Ghosh was able to break the adverse “Bhadralok” consensus — in India’s most secularised state — to reveal the groundswell for Hindutva. The Hindu Samhati used to meticulously document events of atrocities on Hindus along with photographs, which Bengali newspapers and channels would blackout, and post them on their website besides printing in their newsletter Samhati Samachar. Whenever any Hindu Samhati activist was detained or arrested, the mobile numbers of local SHO and Superintendent of Police were shared over SMS and social media. People from New Jersey, to New Delhi let alone local Noapara would immediately start calling and sending messages to those numbers. The West Bengal Police was in awe.
After the Hindu Samhati Foundation Day, 2018, he handed over his charge to Debtanu Bhattacharya. Subsequently, Ghosh distanced himself from any kind of organisational work. He, however, had already changed the discourse and dynamics in the state.
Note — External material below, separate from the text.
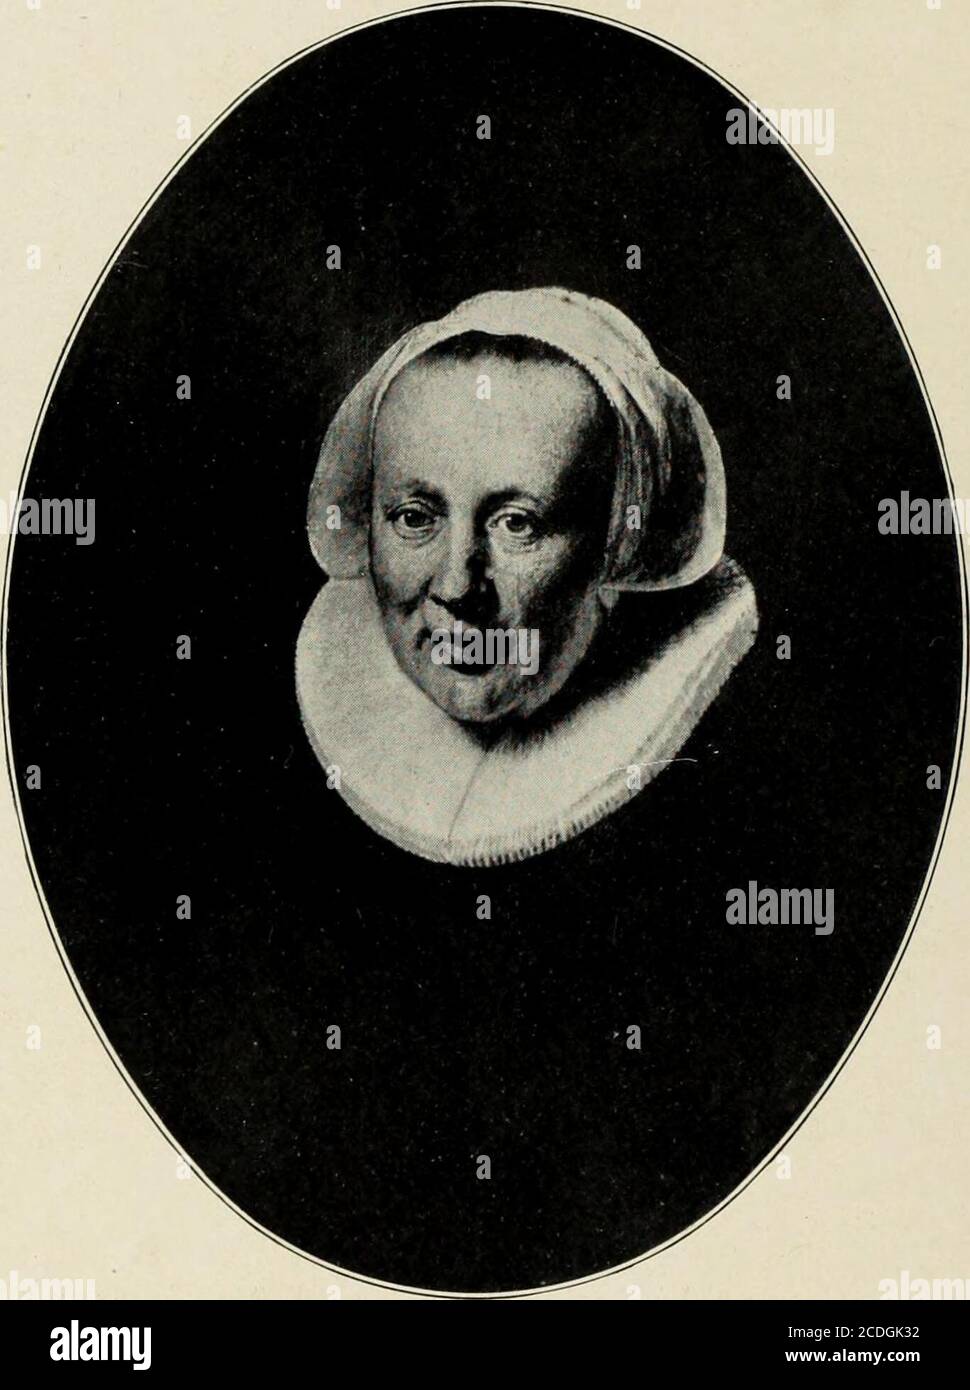 . Rembrandt; des meisters gemälde in 643 abbildungen . Petworth, Lord Leconfleld Portrait of a lady Bildnis einer Dame Um 1633B. 101 Auf Leinwand, H. 1,27, B. 1,01 Portrait dune dame Rembrandt 7 97. Warschau, Exe. von Lachnicki Auf H0I7, H. 0,67, B. 0,50 Bildnis einer Frau Portrait of a lady 1633 Portrait dune dame B. 561 98 /^7V V.;.-oy•??*? ? ^& ».-^B ., SS^^I glgg # ^. SP J uV#&*&gt;^ - 1 /^V ^* ^ Wim nf.^Ho^W ^Ymt E JH 1 mWim ^ JIM ^S v 4? Paris, Mme. Isaac Pereire Auf Leinwand, H.0,72, B. Ü.62 Bildnis einer jungen FrauPortrait of a young lady Um 1633 Portrait dune jeune femme B. 92 99 V. Stock Photo
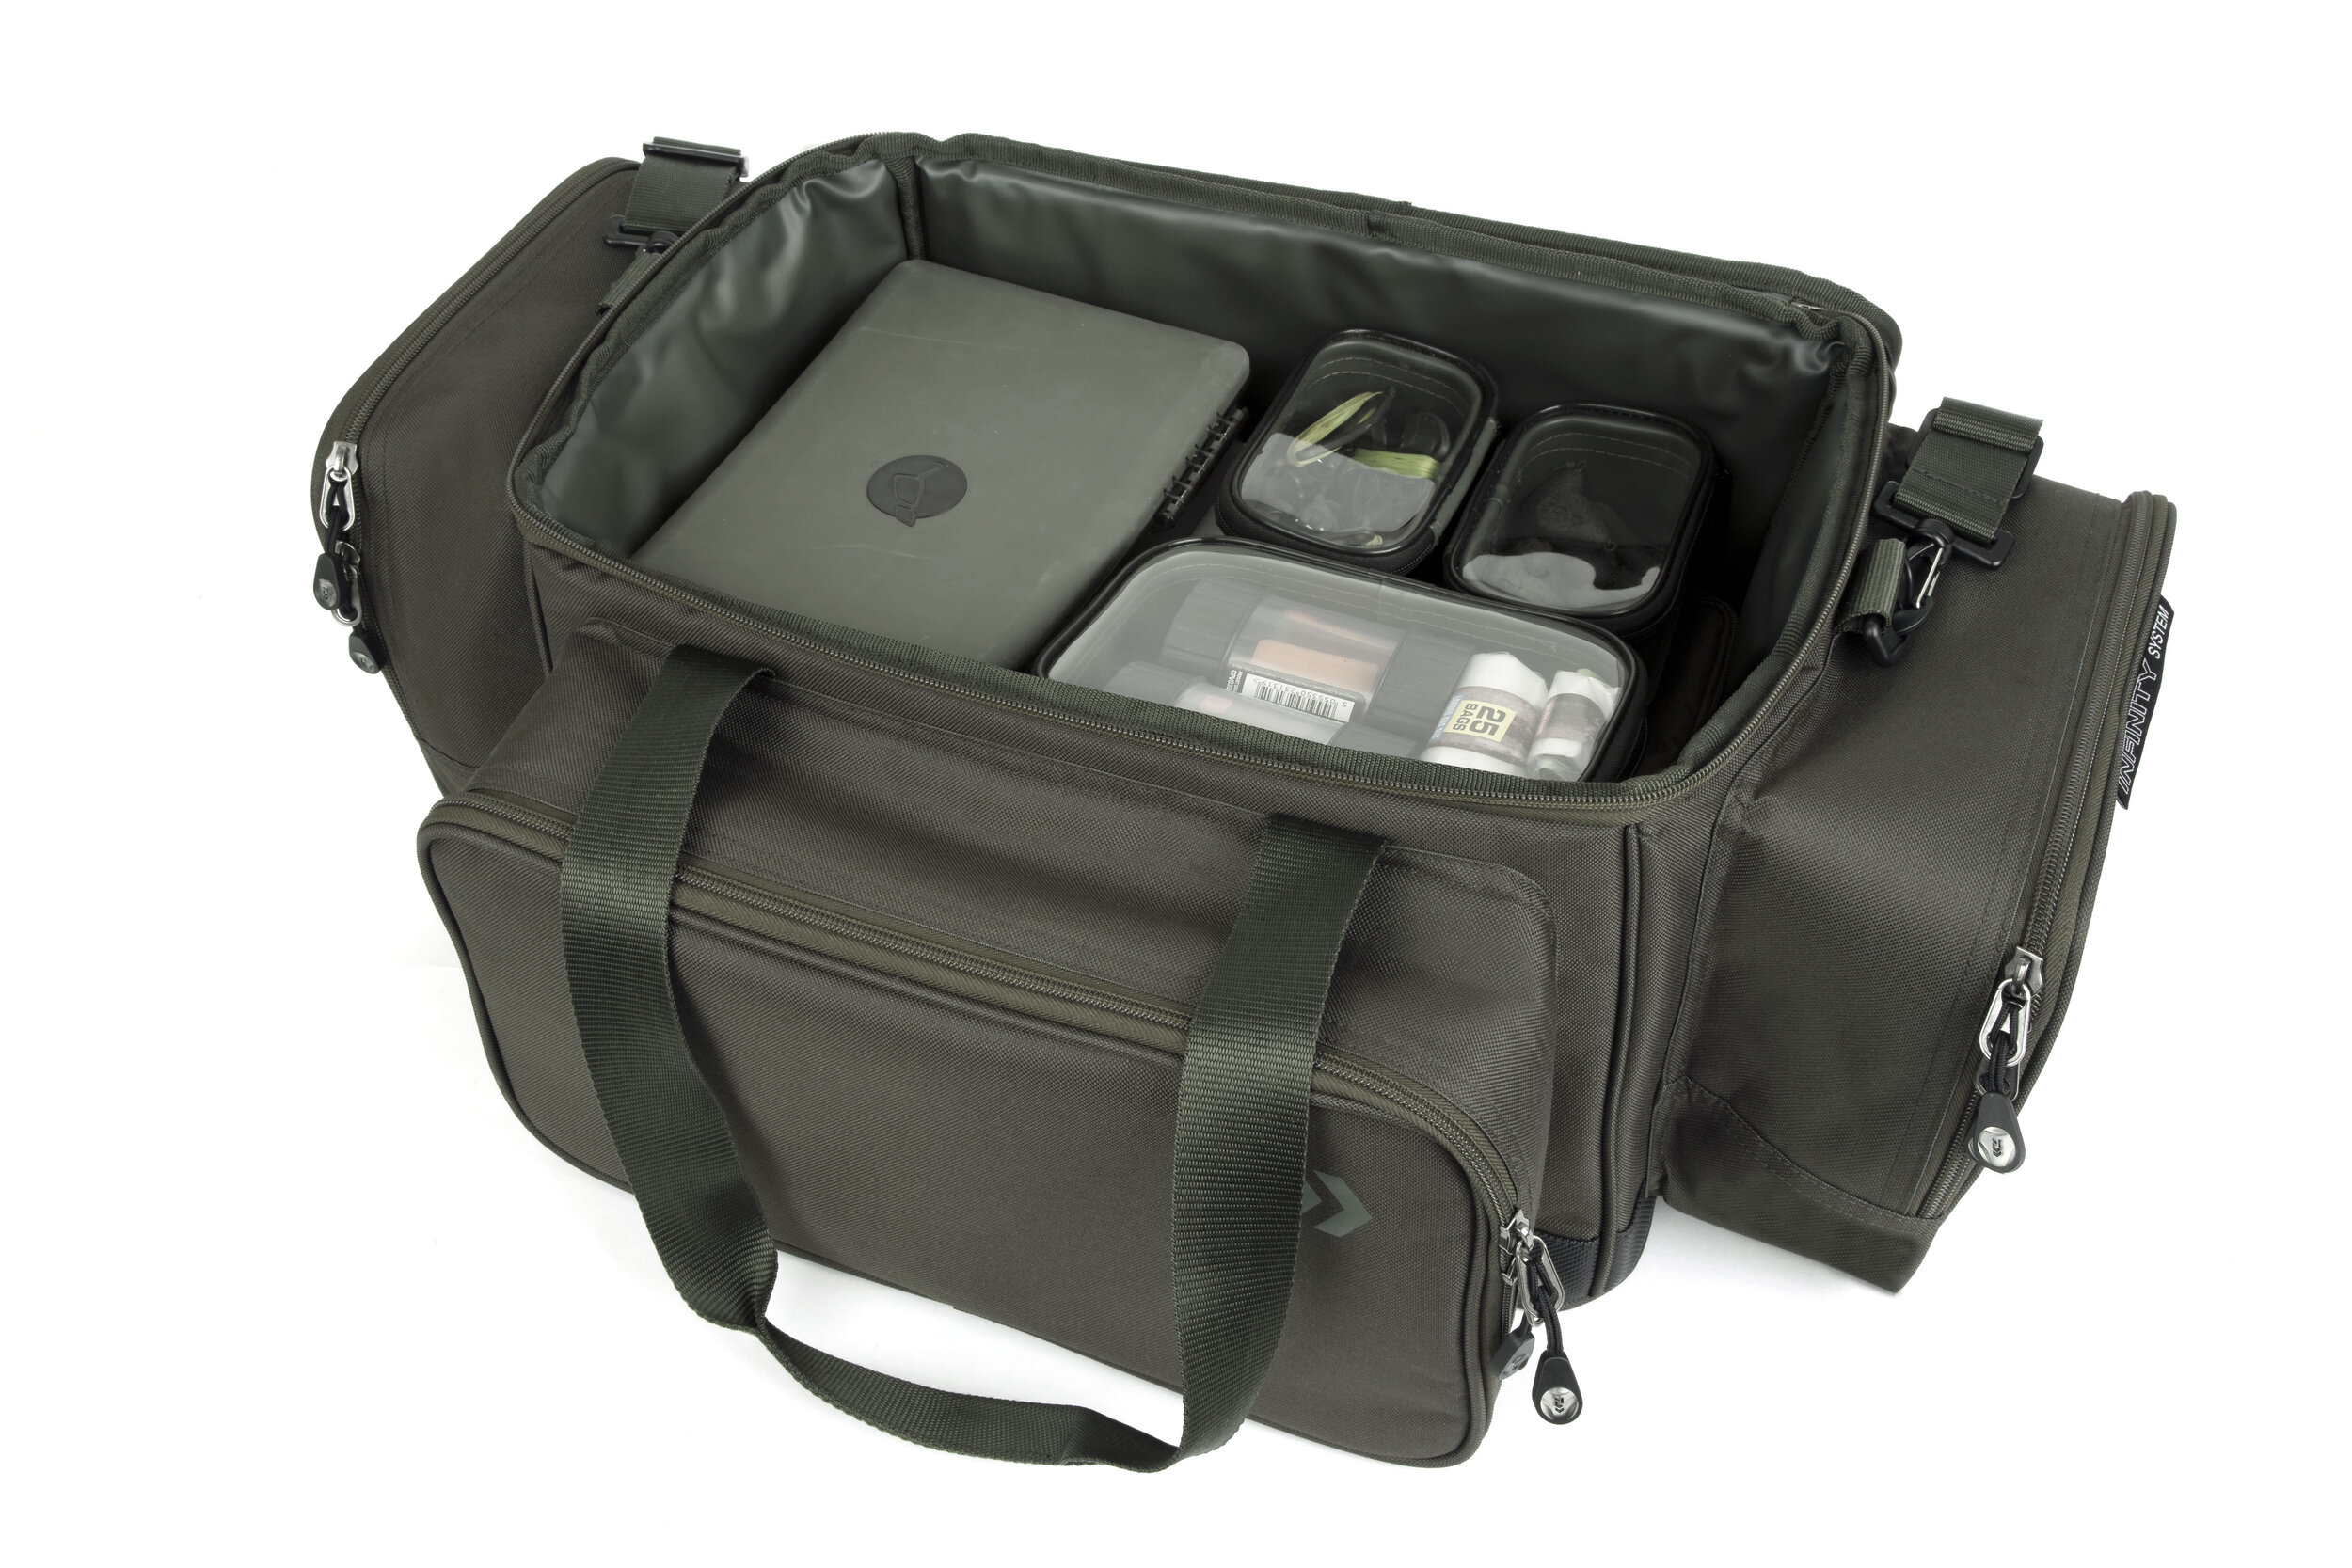 New Wychwood Eva CarryAll Bag All Sizes  Carp Fishing Luggage and Storage

Julius Caesar dead was more powerful than Julius Caesar alive. Though Tapan Ghosh has passed away, his spirit lives on. He reminds us of Bengal revolutionaries of yesteryears. It will not be possible to stop the wheel of thought and action that he set into motion. As Subhas Chandra Bose said, “In this mortal world, everything perishes and will perish — but ideas and ideals and dreams do not. One individual may die for an idea but that idea will, after his death incarnate itself in a thousand lives.”
The writer is an author and independent researcher. The views expressed herein are his personal.